The great one-eyed hunchback camera painted on his shoulder starts to hulk up in the angry muscles that give the gearbox a hard kick. “And I want you to remember that’s my … was my wife back there. And I don’t want to hear comparisons about …”
Case gets aggravated. “You asked the question. I laid down an answer.”
“Some answer. It sounds like you’re trying to make a case for him.”
“Good choice of words.”
He doesn’t catch the humor in her comment. Instead, he goes after her: “The way you talk is the disease of the times. You compare religion to that mojo. The world has become a secular comparison nightmare.

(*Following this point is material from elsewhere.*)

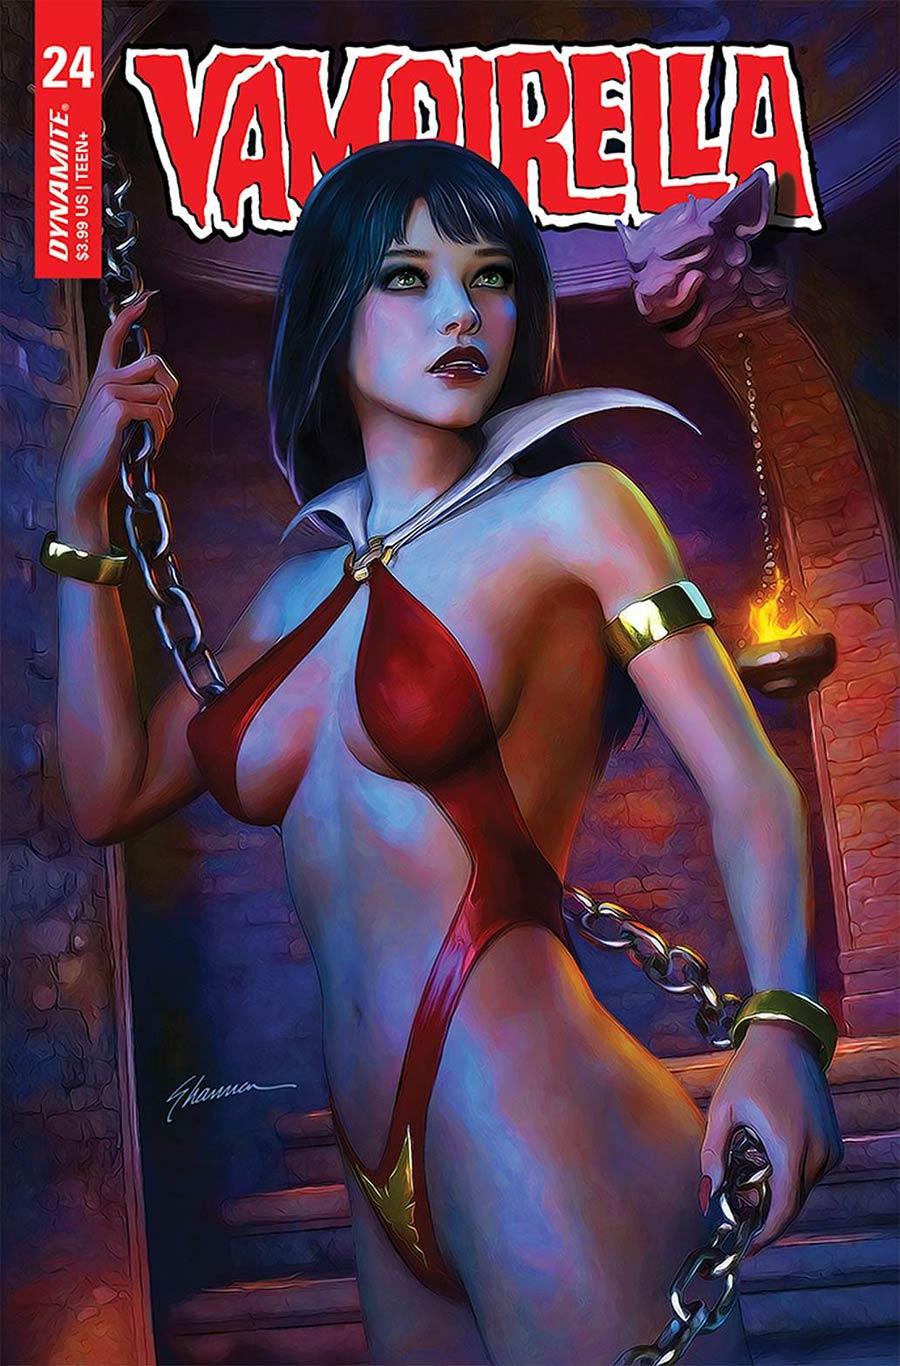 Vampirella Vol 8 #24 Cover C Variant Shannon Maer Cover
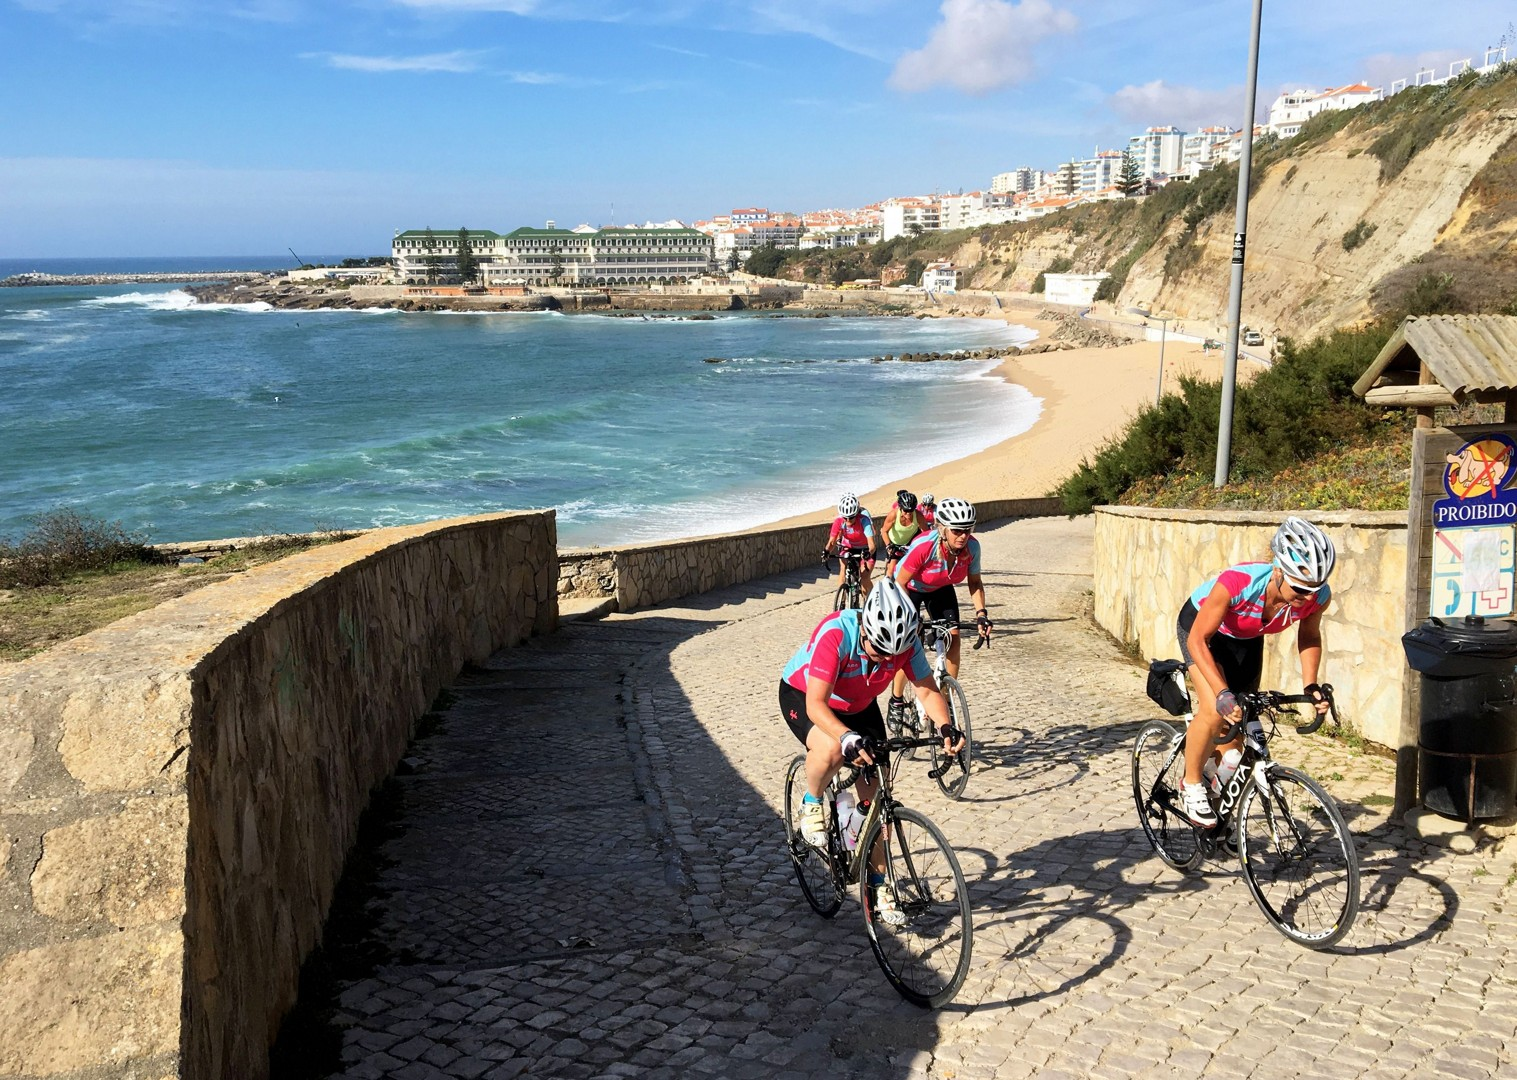 coastal-views-portugal-atlantic-escape.jpg - Portugal - Atlantic Escape - Guided Road Cycling Holiday - Road Cycling

“Religion is not any of that. Not any of it. It is the unmoved truth that all principles spin out from. It is a moment of attainment. It is faith in being; it is being in faith.
“It all disgusts me so. There’s only two real ways to handle this. What you can’t clean up in the family, you clear up with a jury. What you can clear up in the family, you won’t have to clean up with a jury. End of story.”
She sits there like someone not interested in what the salesman is selling.